El jerarca de Sugese enfatizó que las prestaciones de la póliza para vehículos son muy diferentes a las de los accidentes laborales.

“Si alguien se accidenta en una moto, el SOA cubre hasta los ¢6 millones y luego pasa a cargo de la Caja. Si es el mismo accidente, cubierto por el RT, se atiende (con este seguro) toda la parte médica, con el subsidio de incapacidad durante el tiempo necesario. Es una diferencia del cielo a la tierra”, explicó Soley.

Efecto tarifario

La Superintendencia señala, en el oficio enviado al INS, que el traslado de costos entre seguros obligatorios generó que los siniestros fueran sobrevalorados en el Seguro Obligatorio de Vehículos y reducidos en el caso de riesgos del trabajo.

“Las tarifas de los seguros se estiman con base en el históricos de siniestralidad. Entonces, ante cualquier imputación de más gastos en un seguro (...) obviamente la tarifa resultante será superior”, destacó Soley.

Además, añadió que, durante los años en los cuales ocurrió el problema, el SOA tuvo déficit y si no se hubiera dado el gasto adicional se cerraba en equilibrio.

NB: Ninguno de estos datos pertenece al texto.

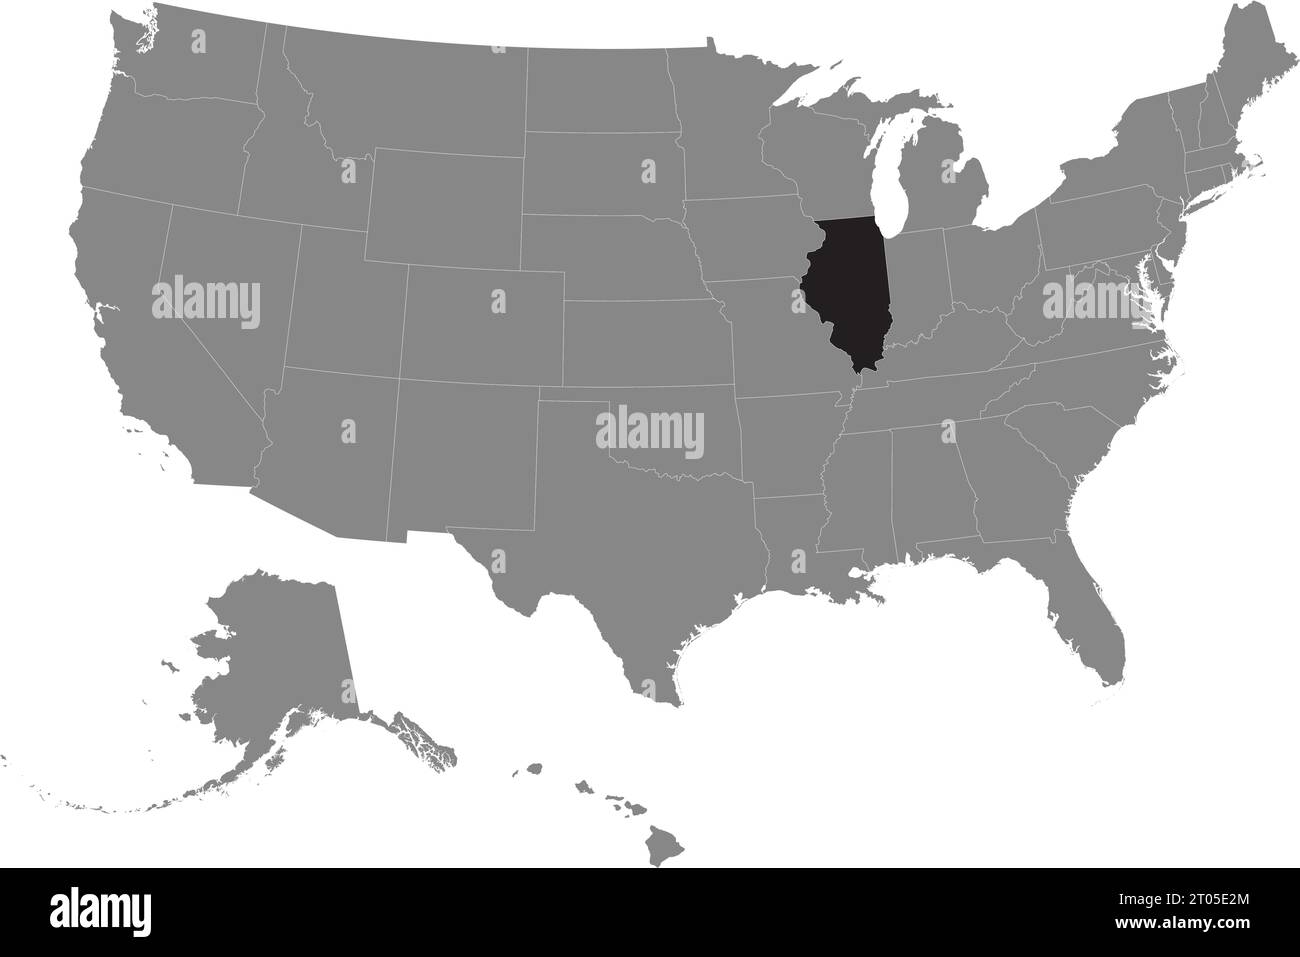 Schwarze CMYK-Bundeskarte von ILLINOIS in detaillierter grauer, leerer politischer Karte der Vereinigten Staaten von Amerika auf transparentem Hintergrund Stock Vektor
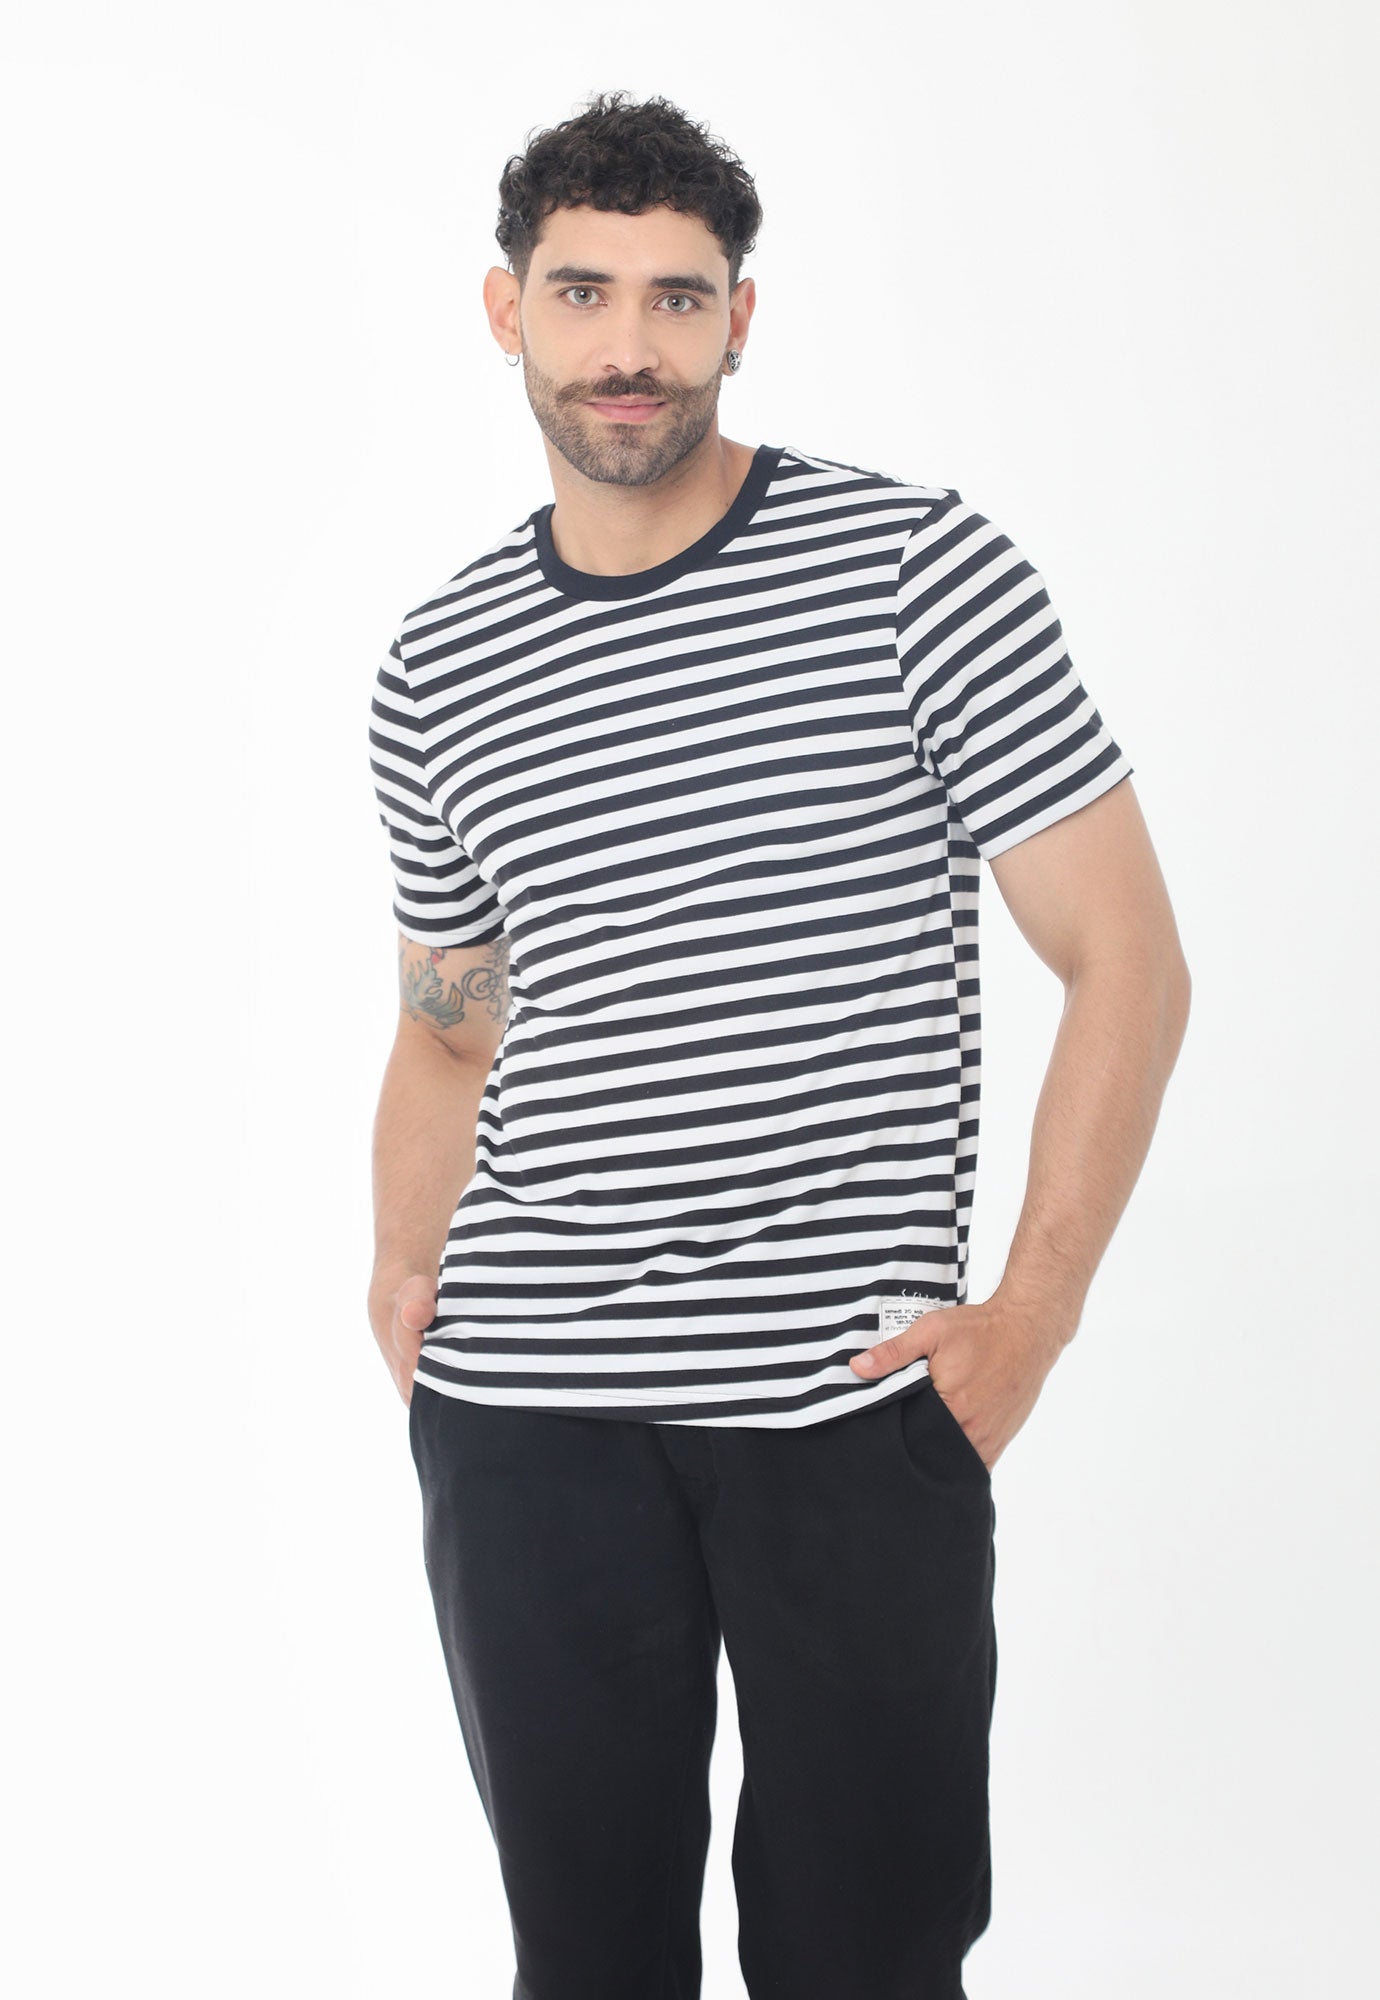 Camiseta negra manga corta, de rayas y cuello redondo para hombre

El Superintendente destacó que, con la información entregada por el INS, la siniestralidad en motos fue la más “inflada”.

Pese a los argumentos de Sugese, el jerarca del INS, consideró que el efecto de los accidentes del RT en el seguro obligatorio de automóviles no es significativo.

“En promedio fueron ¢1.300 millones al año, cuando se tienen gastos en siniestralidad del SOA de ¢50.000 millones por año. Hablamos de un 2%, no es algo que desbalanceó totalmente el SOA (...) al ser tan poco significativo no se genera un efecto en tarifas”, enfatizó Villegas.

El funcionario insistió que la siniestralidad anual del seguro obligatorio crece en promedio 14% cada año, por lo cual: “un 2% no es relevante”.

Durante el año pasado, se reportaron 33.259 accidentes en carretera los cuales fueron atendidos por la póliza obligatoria. El 56% de los percances fue de motociclistas.